When Etiket set up its training initiative, Sum of 21, it realised funding would be a challenge. But it came up with a very creative way to solve this.
Now in its fourth year, Sum of 21 taps into BEE grants for its funding.
“We created the infrastructure in such a way, that Sum of 21 becomes the ideal recipient of BEE grants, focusing on all four of the major BEE channels (skills development, socio-economic development, enterprise development, and supplier development),” explains Janhendrik Oosthuizen (left), group CEO of Etiket and Sum of 21.
Companies that commit BEE funding to the initiative receive creative hours in return, as a thank you for their contributions.
“This funding model changes the playing field with regards to giving companies more bang for their buck with regards to marketing budgets that are cut to the bone, they don’t have enough to go around. This is a way to leverage that, getting more marketing collateral without putting additional pressure on your marketing budgets,” Oosthuizen adds.
Skills development and transformation
The initiative’s aim is two twofold; firstly to address skills development. “In the creative industry, skills are a problem. We just don’t have enough skills. We said ‘it’s time to stop fighting with the bigger agencies over the few fish in the pond, and let’s create more fish to fill the pond’,” comments Oosthuizen.

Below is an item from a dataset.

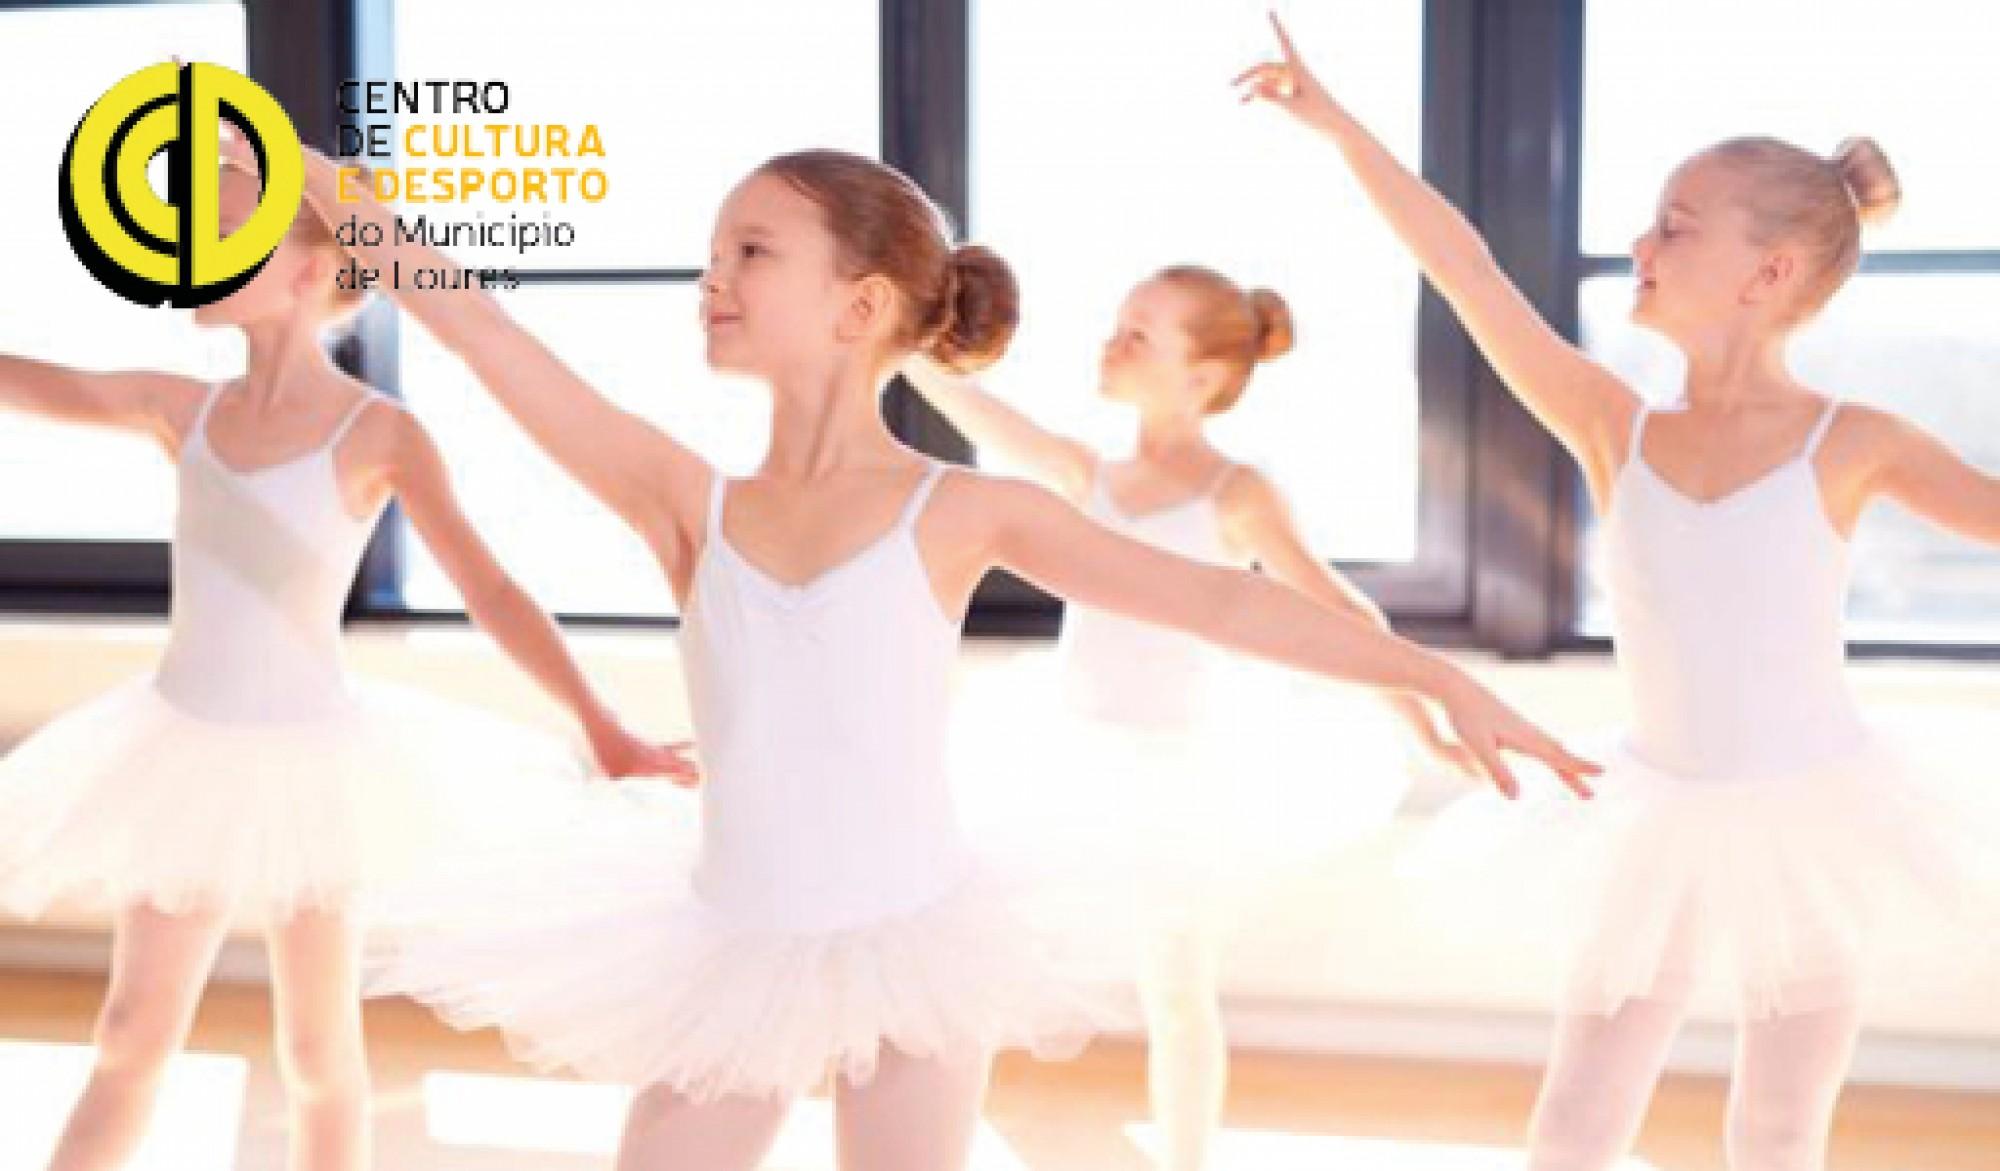 a9a5b4f3fd BALLET INFANTIL. Dançar é divertido! O Ballet Clássico. O ballet clássico  consiste em unir a técnica

Secondly, it’s all about transformation. “The creative industry is horrible when it comes to transformation. We are very very far behind compared to other industries. So Sum of 21 is there to assist with a broader transformational agenda in the industry,” says Oosthuizen.
Sum of 21’s origins
Two to three years ago, Etiket went through a bit of a transformation to specifically get itself in line with the BEE codes. The agency came to the conclusion that they needed to adopt a very aggressive transformation strategy and agenda, and out of that Sum of 21 was born.
The training runs for a year, after which participants receive a further qualification, a National Certificate in Advertising.
Another differentiating element of the initiative, aside from the funding model, is that Sum of 21 has become a completely separate, real world agency, not just an internship programme that is part of Etiket. The participants work on real briefs, rather than training scenarios with no real world implications.
“When it comes to an agency or any corporate environment, one must be careful to think that you’re going to take an internship or learnership programme and just slot it in to your normal operations, it doesn’t work … These youngsters are so green, you need so many seniors to look after them, and guide them and coach them,” Oosthuizen emphasises.
With Sum of 21, there is a dedicated team of seniors who just work with the youngsters, and don’t also work for Etiket. This allows them to dedicate all their time to training and upskilling the youngsters, and they have been specially selected for their mentoring abilities, something which not every person has.
A reluctance to BEE
Touching on how Sum of 21 has commoditised BEE spend, Oosthuizen elaborates. “What we see with most of our corporate clients is, they’re very open and everyone buys into the spirit of BEE and what needs to be achieved and everyone wants to make a difference, but BEE spend still stays one hell of a grudge transaction.
“People feel they’re writing cheques and money goes into a deep hole and there’s very little traction and measurement of where it’s going. Does it make a difference? No one can say.”
He stresses that by spending BEE money with Sum of 21, companies can see exactly where and how their money is spent, how it benefits youngsters and the industry, and the return on investment they receive.
“Putting a return on investment behind BEE spend is a complete paradigm shift … It takes the grudge out of BEE, because they can spend and now start to get something back, and it’s not a selfish getting back as it makes a big difference to people’s lives,” Oosthuizen adds.
Sum of 21 already has several big benefactors on board, and there are a few more currently in negotiation, which will hopefully come on board before the end of the year. Sum of 21 also does normal commercial work, which offers work at much reduced rates as it’s a training environment.
Oosthuizen also states that the media industry is “filled with a lot of talk about BEE, but not a lot of do”.
“We’ve got so many industry bodies and high and mighty players that talk this talk about transformation, and what everyone has done, but then nothing happens. We’re caught up in this talking talking talking,” he elaborates.
A lack of print learning at university
Touching on the elements lacking from the participants after they arrive from university, Tiaan Ras, Sum of 21’s principal says, “We are quite fortunate that we can give them quite a bit of print, because interestingly they don’t work a lot with print at university any more. They learn a lot of electronic and digital media, but we really have to work hard with them in the beginning for print.”
The aim is to give them a whole agency experience, across above-the-line and below-the-line work, and a lot of digital work.
Steady growth over the years
In the first year of operation Sum of 21 had four to sevenlearners, growing to 20 last year, of which 18 completed the entire year. There’s currently 50 in Sum of 21, showing the substantial growth over the past year. Currently 16 permanent employees make up Sum of 21. The aim is to have 100 learners in Sum of 21 next year, growing to 200 by the end of 2019.
Here are some examples of work that Sum of 21 has done:
Etiket is also working on getting SETA training accreditation so that another avenue opens up for accepting applicants.
Etiket, a through the line agency, has been around for 11 years. It has a variety of clients in a variety of industries.